Elsa intentó detener a Kristoff, que ya se estaba retirando, pero todo el peso de la red que antes soportaba el espíritu del agua caía ahora sobre su cuerpo y apenas podía respirar. Los soldados de Arendelle la rodearon, dispuestos a acabar con ella, y Elsa no pudo evitar preguntarse si aquel sería su final.

Con la vista un poco nublada, vio como el hacha de Astrid destelleaba mientras acababa con los soldados que le quedaban más cerca. Después, con una serie de precisos cortes, logró crear un agujero por el que tirar de Elsa, liberándola.

La arendelliana, tumbada en el suelo, tomó una buena bocanada de aire, sintiendo cómo el aire volvía a hinchar sus pulmones y como la vida volvía a ella.

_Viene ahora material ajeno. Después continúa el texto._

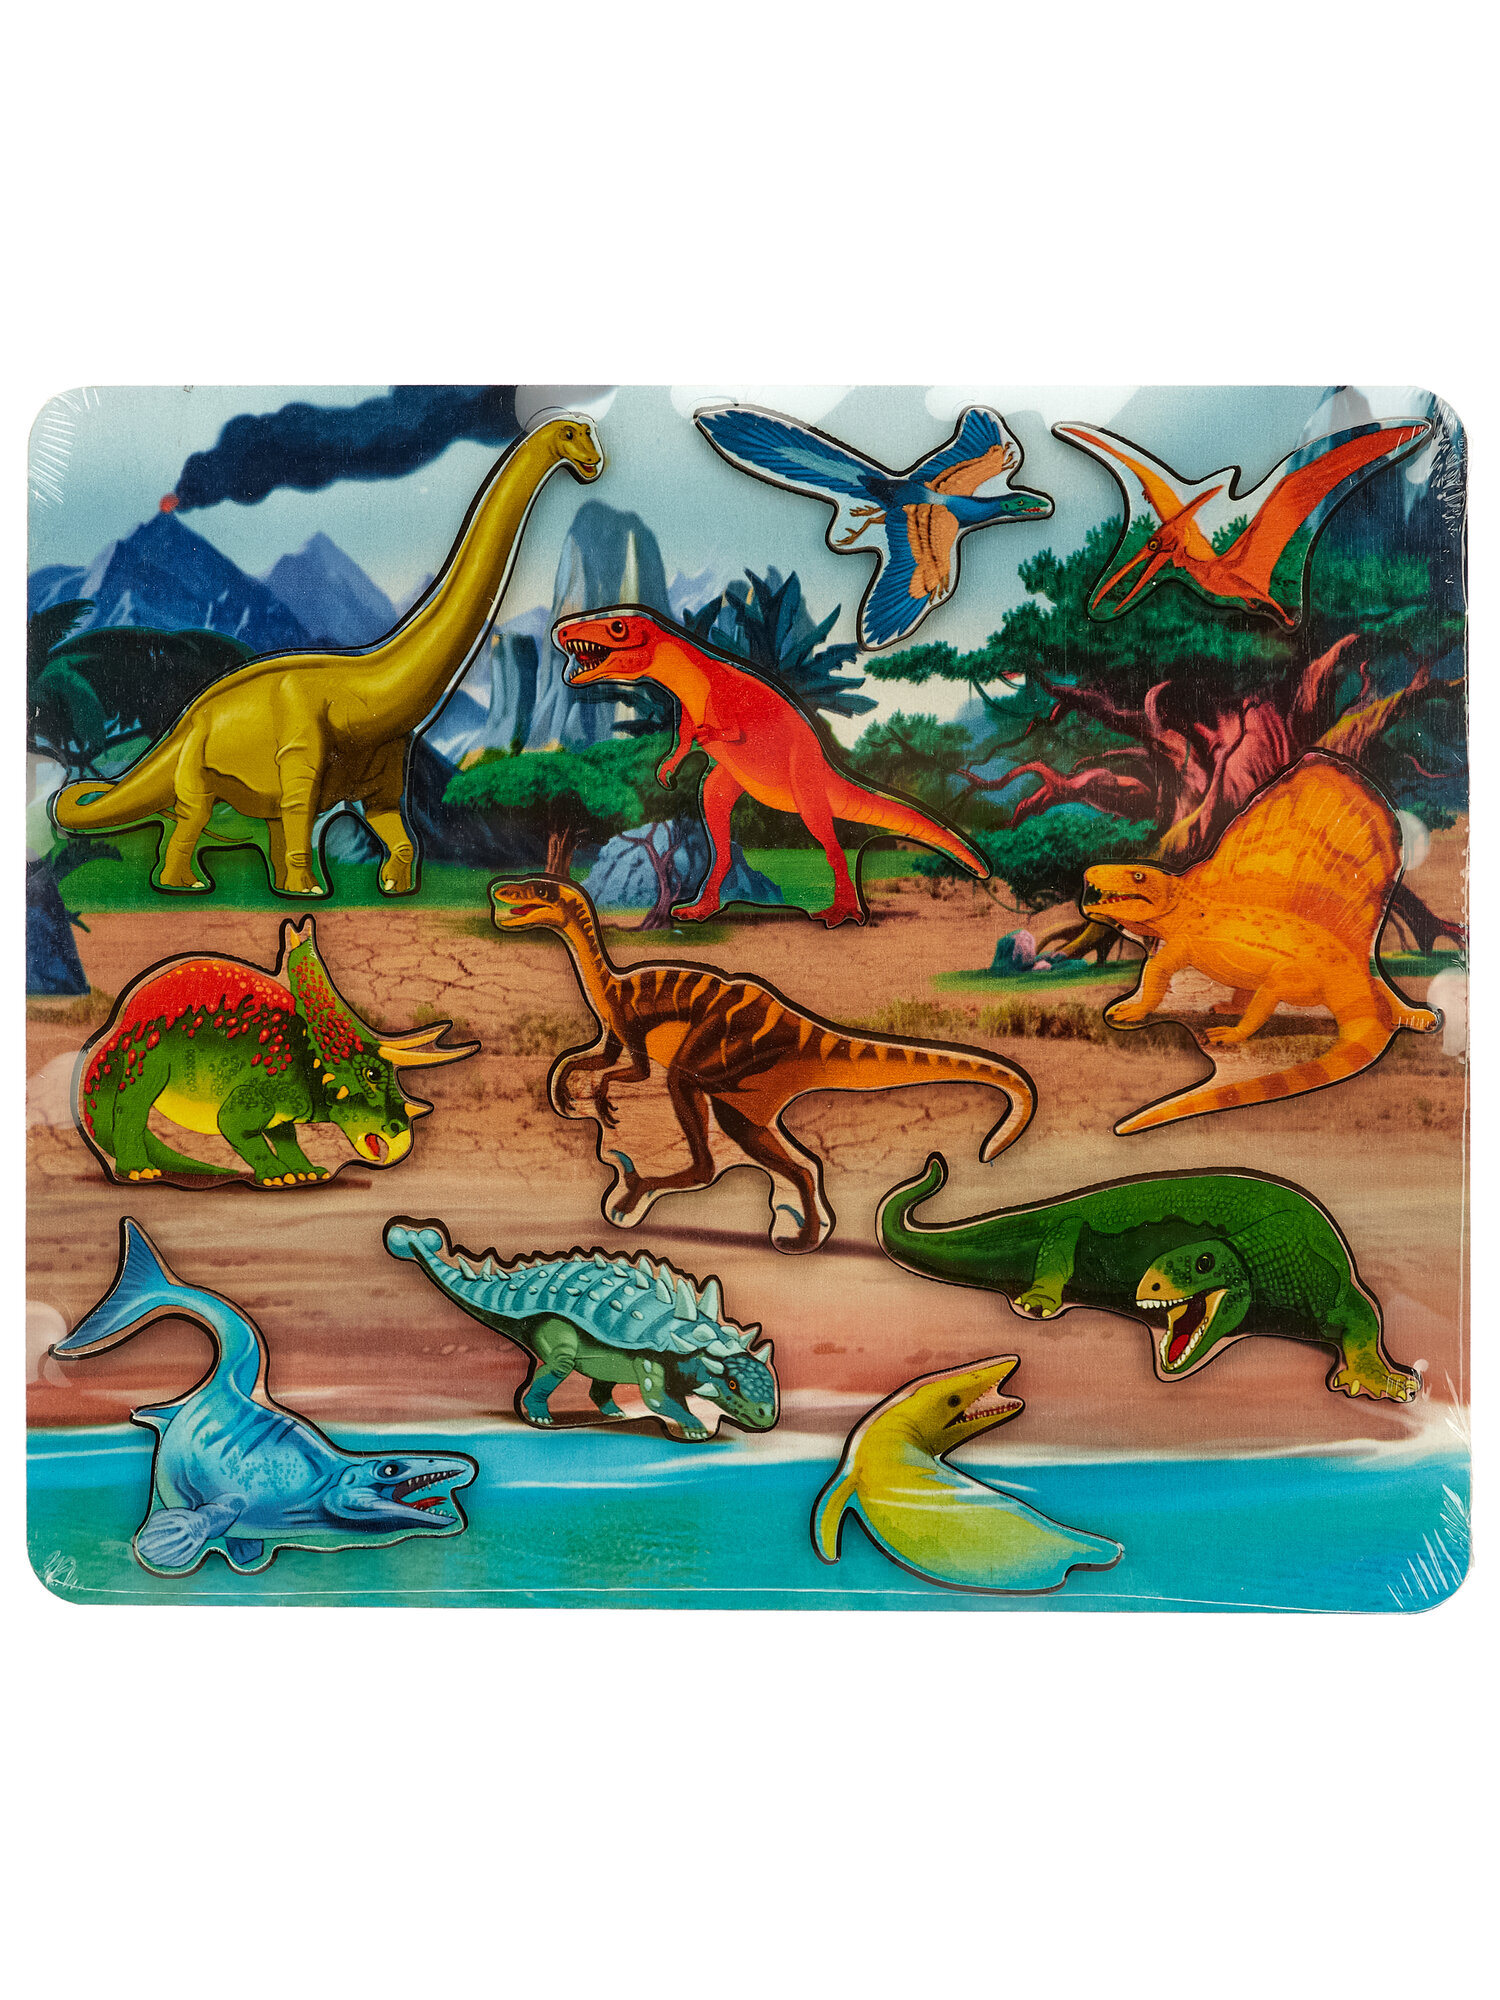 Нескучные игры Рамка-вкладыш «Мир динозавров» 11 деталей

Hipo, que las había visto desde el cielo, aterrizó unos metros más allá y fue corriendo a su encuentro, listo para la batalla, pero los soldados se replegaron todos a una. Su misión había concluido.

—¿Estás bien? —preguntó Astrid a Hipo.

—Sí... No... No sé... —el vikingo andaba de un lado a otro, ceñudo—. He visto a Desdentao, pero no era él. Estaba raro... no sé cómo explicarlo, pero necesita nuestra ayuda.

—Para eso hemos venido —le consoló Astrid, colocándole una mano en el pecho.

Los vikingos notaron un repentino frío y cómo se les escarchaba la ropa.

Elsa, tumbada boca arriba y con un brazo cubriéndole la cara, lloraba discretamente. Después, apretó los puños con fuerza y liberó toda su ira.

—¡ANNA!

Fue todo cuanto dijo, pero su voz reverberó por todo el bosque dejando un silencio absoluto tras su paso.